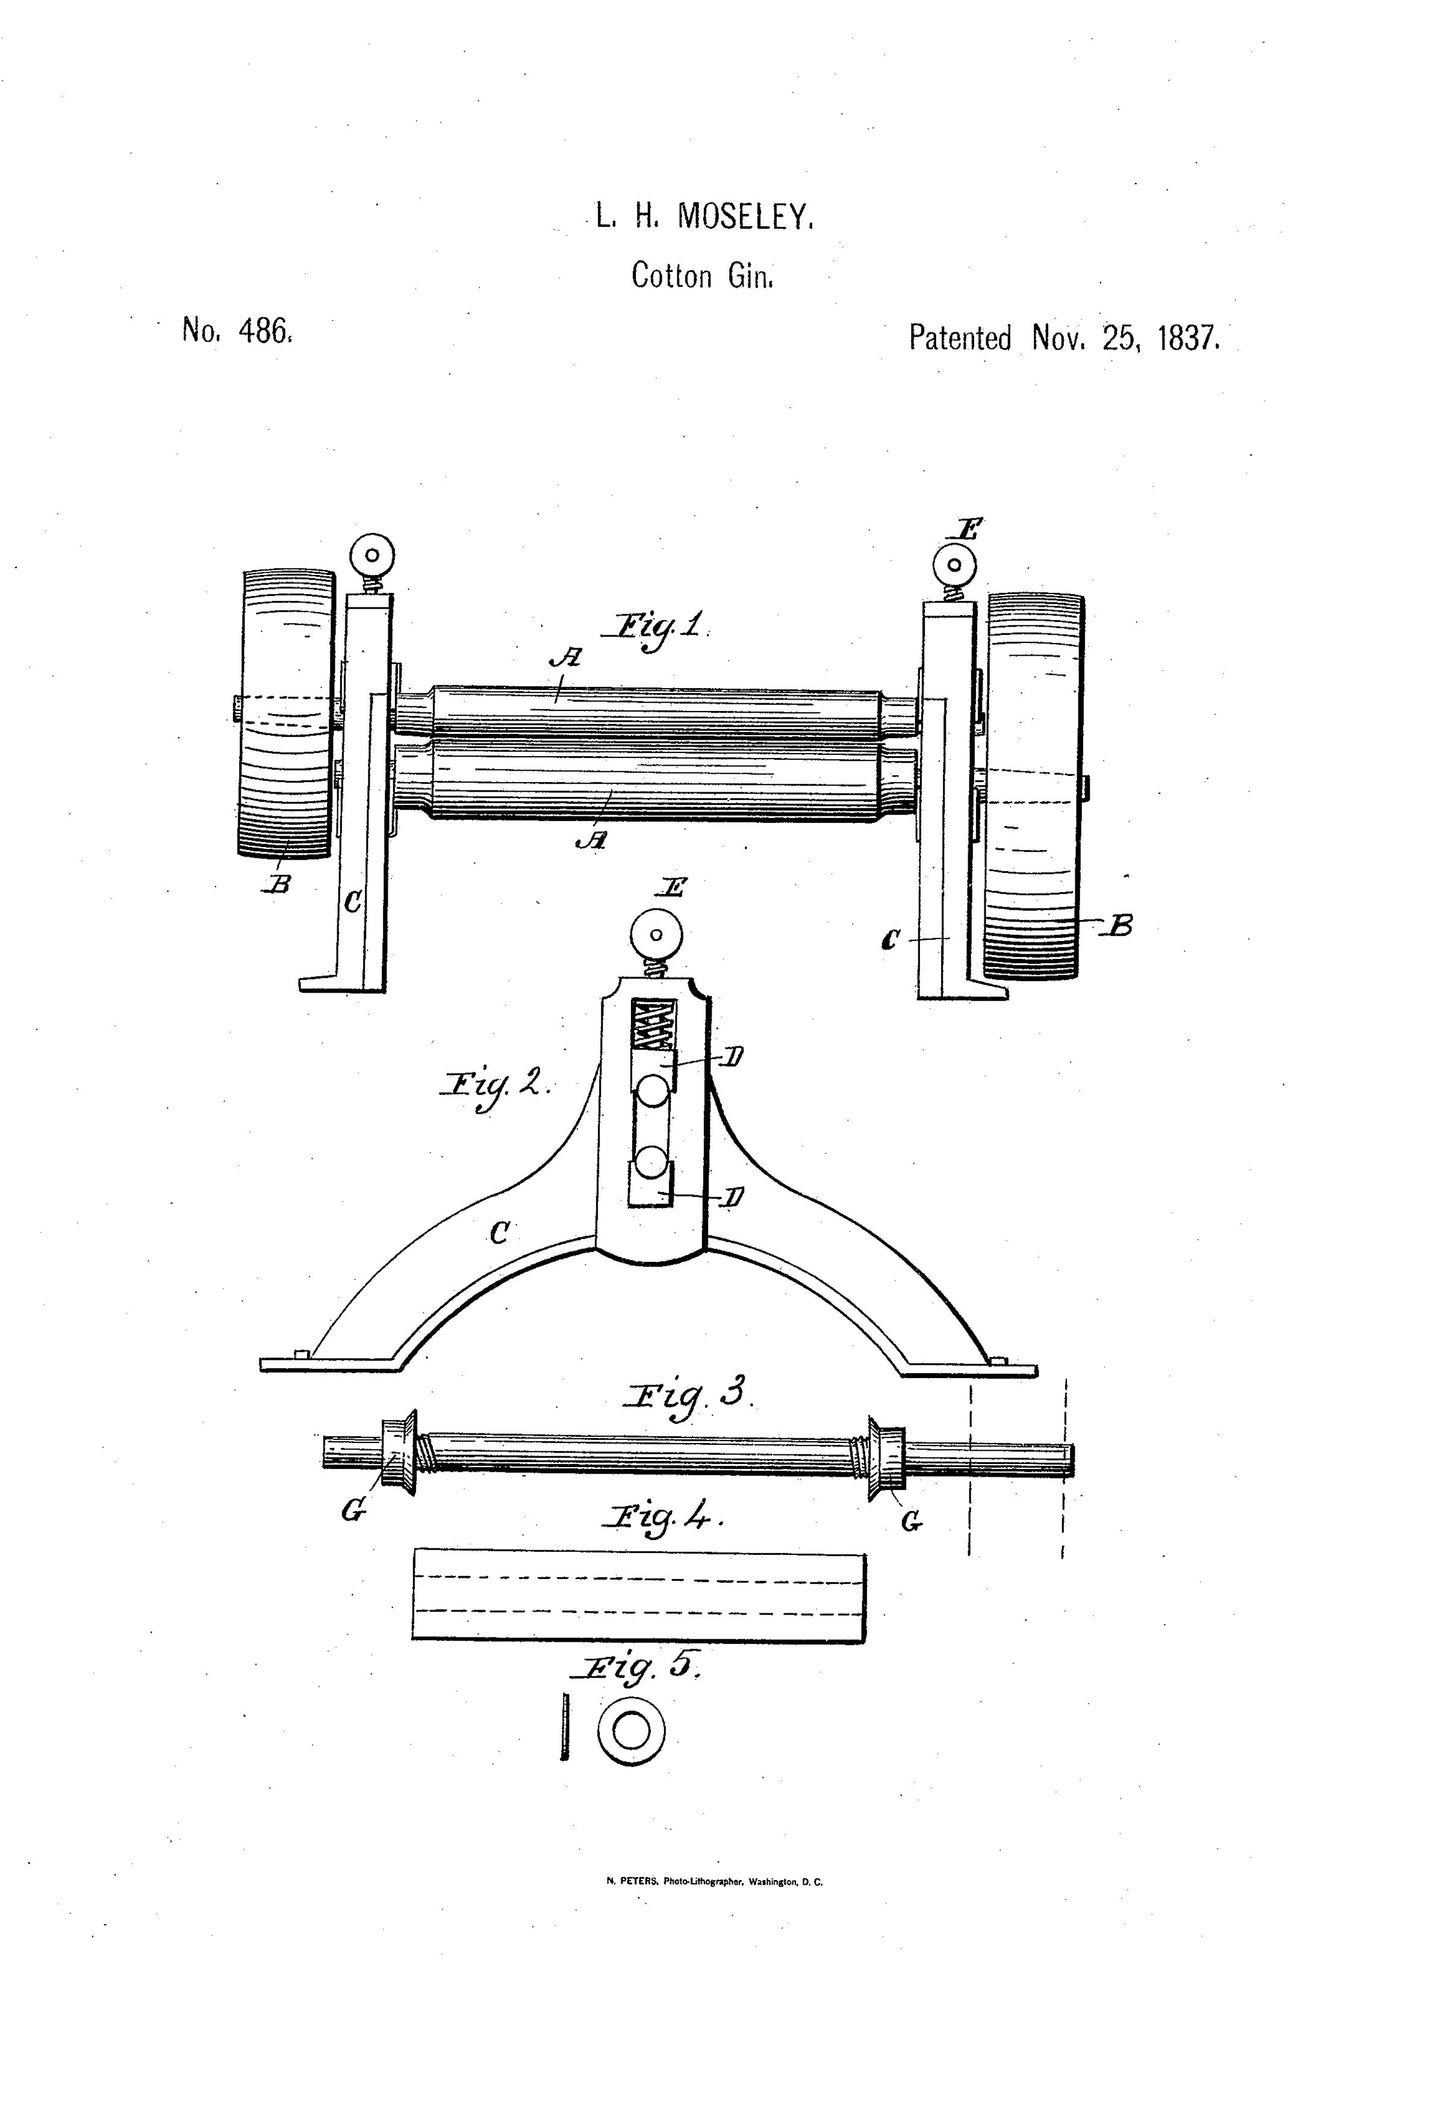 US General Single Patents Set 4 [144 Images]
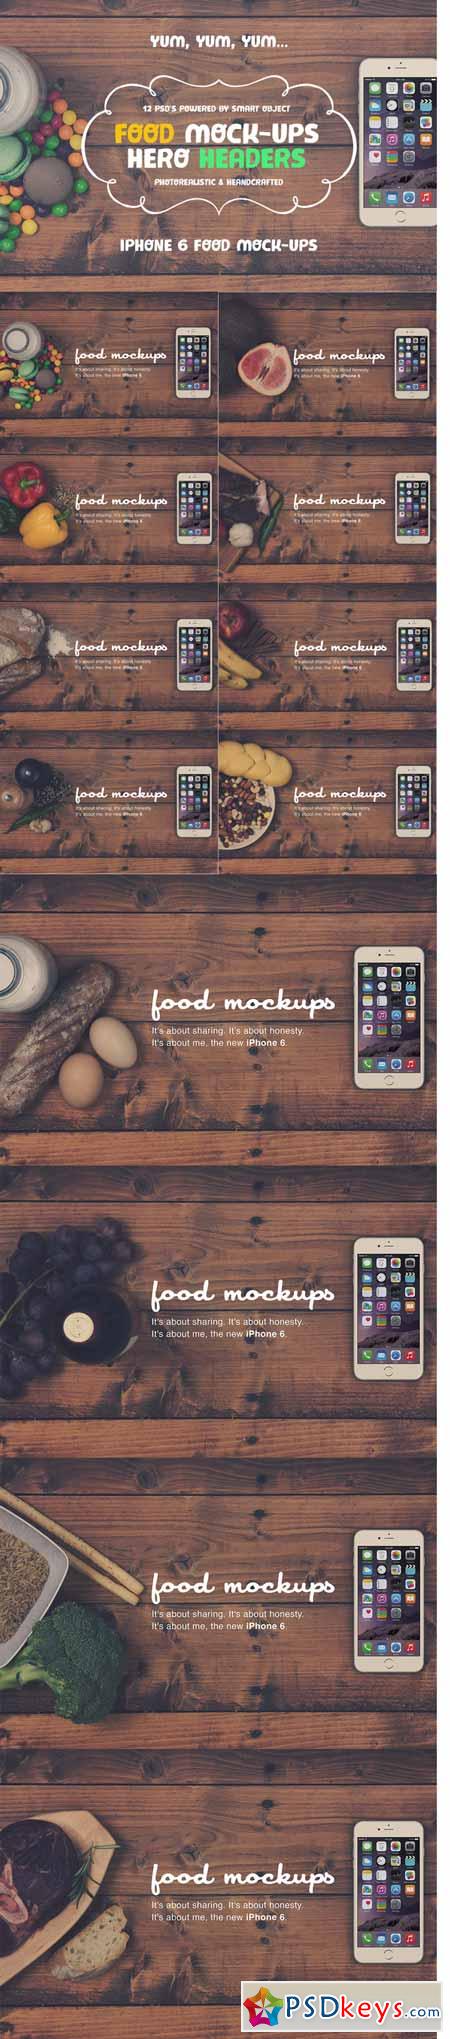 Food Hero Headers iPhone 6 Mock-ups 84552
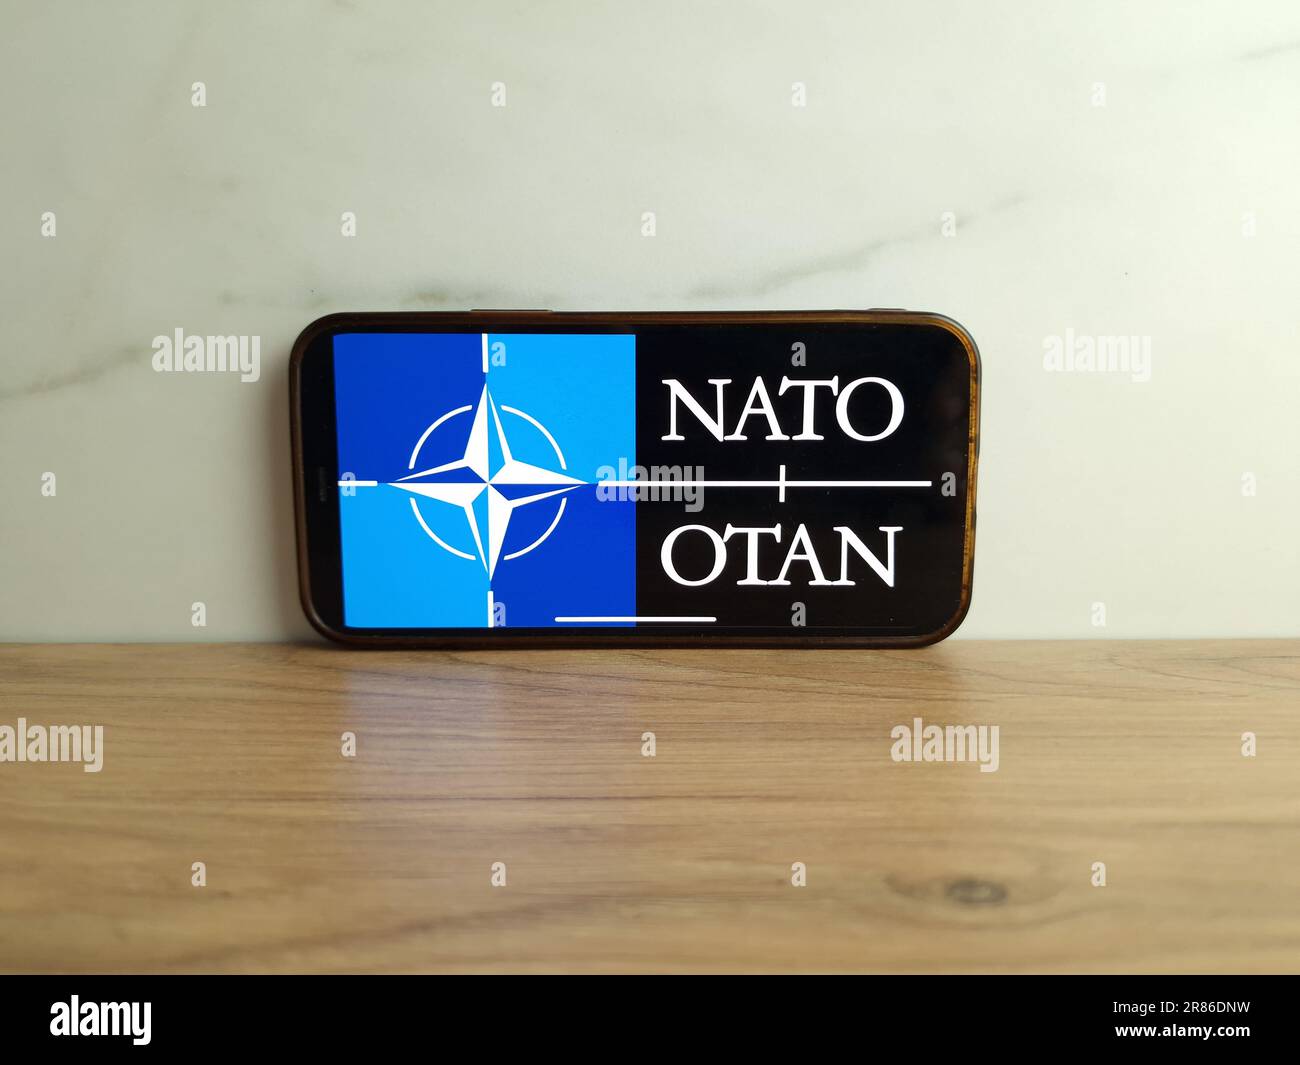 Konskie, Poland - June 17, 2023: NATO North Atlantic Treaty Organization logo displayed on mobile phone screen Stock Photo
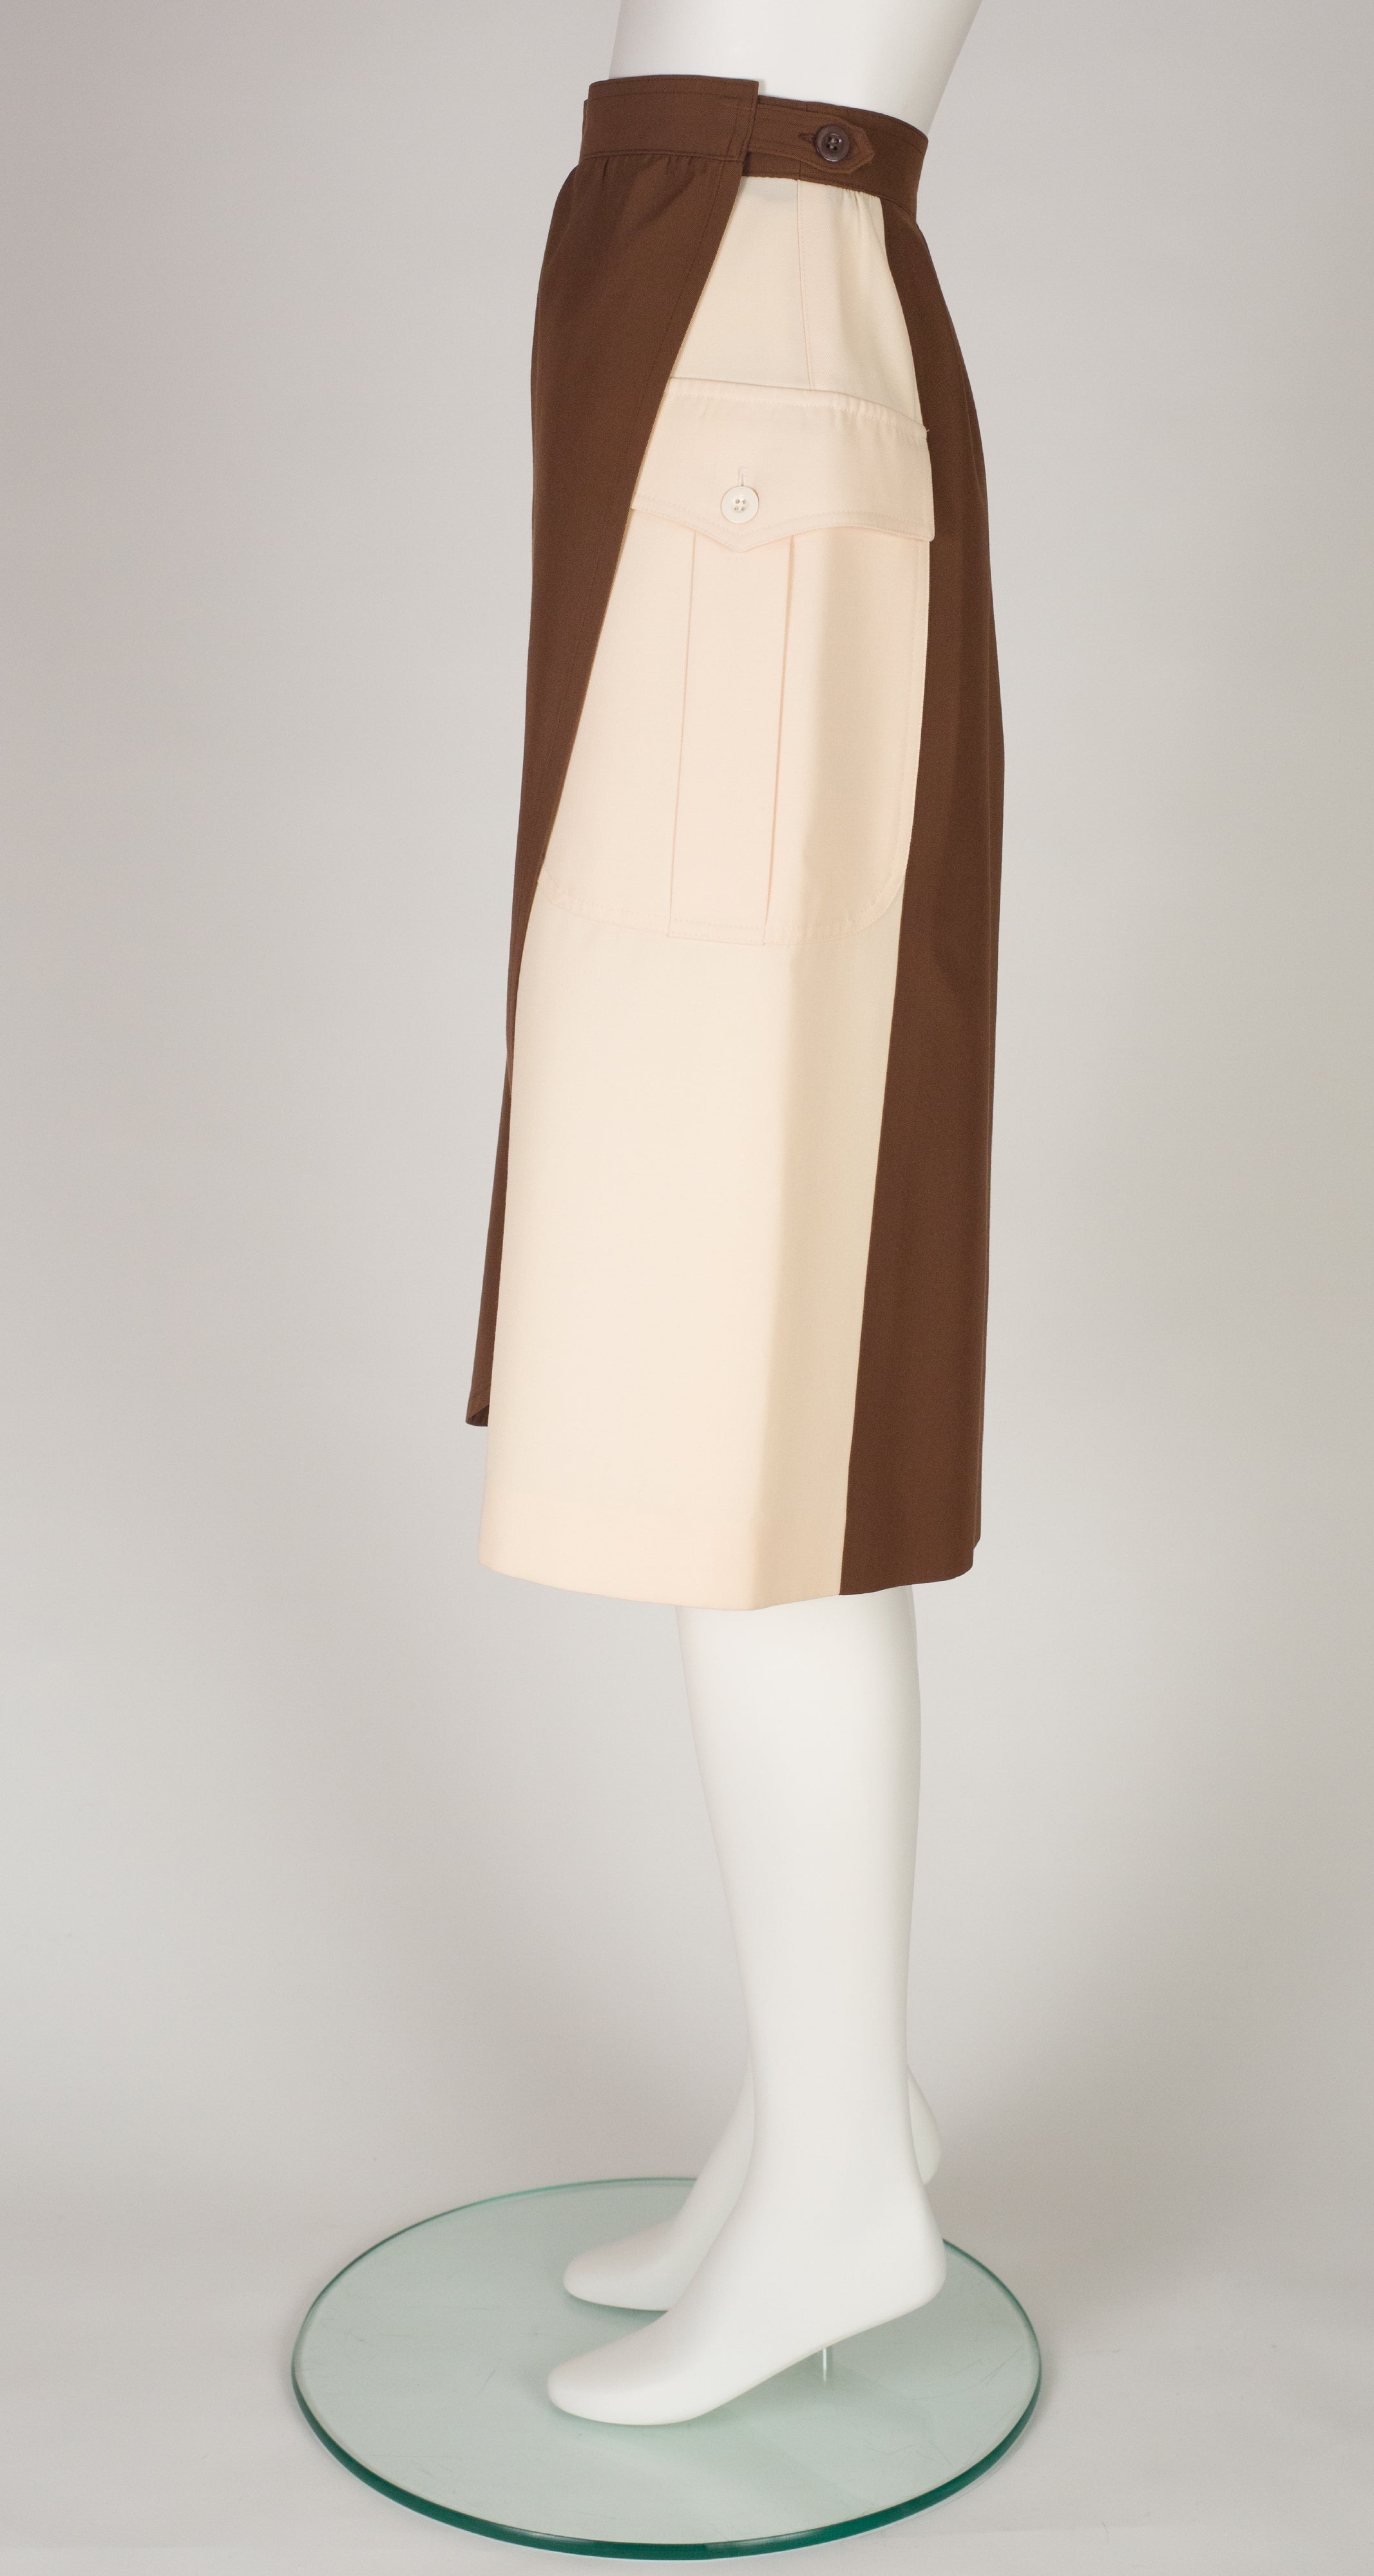 1980s Brown & Cream Color Block Wool Wrap Skirt

====================

▶ _Exercise objective_: Give back all the data exactly, minus pictures.

▶ _Answer box_:
 US General Single Patents Set 4 [144 Images]
 Food Hero Headers iPhone 6 Mock-ups 84552
 Konskie, Poland - June 17, 2023: NATO North Atlantic Treaty Organization logo displayed on mobile phone screen Stock Photo
 1980s Brown & Cream Color Block Wool Wrap Skirt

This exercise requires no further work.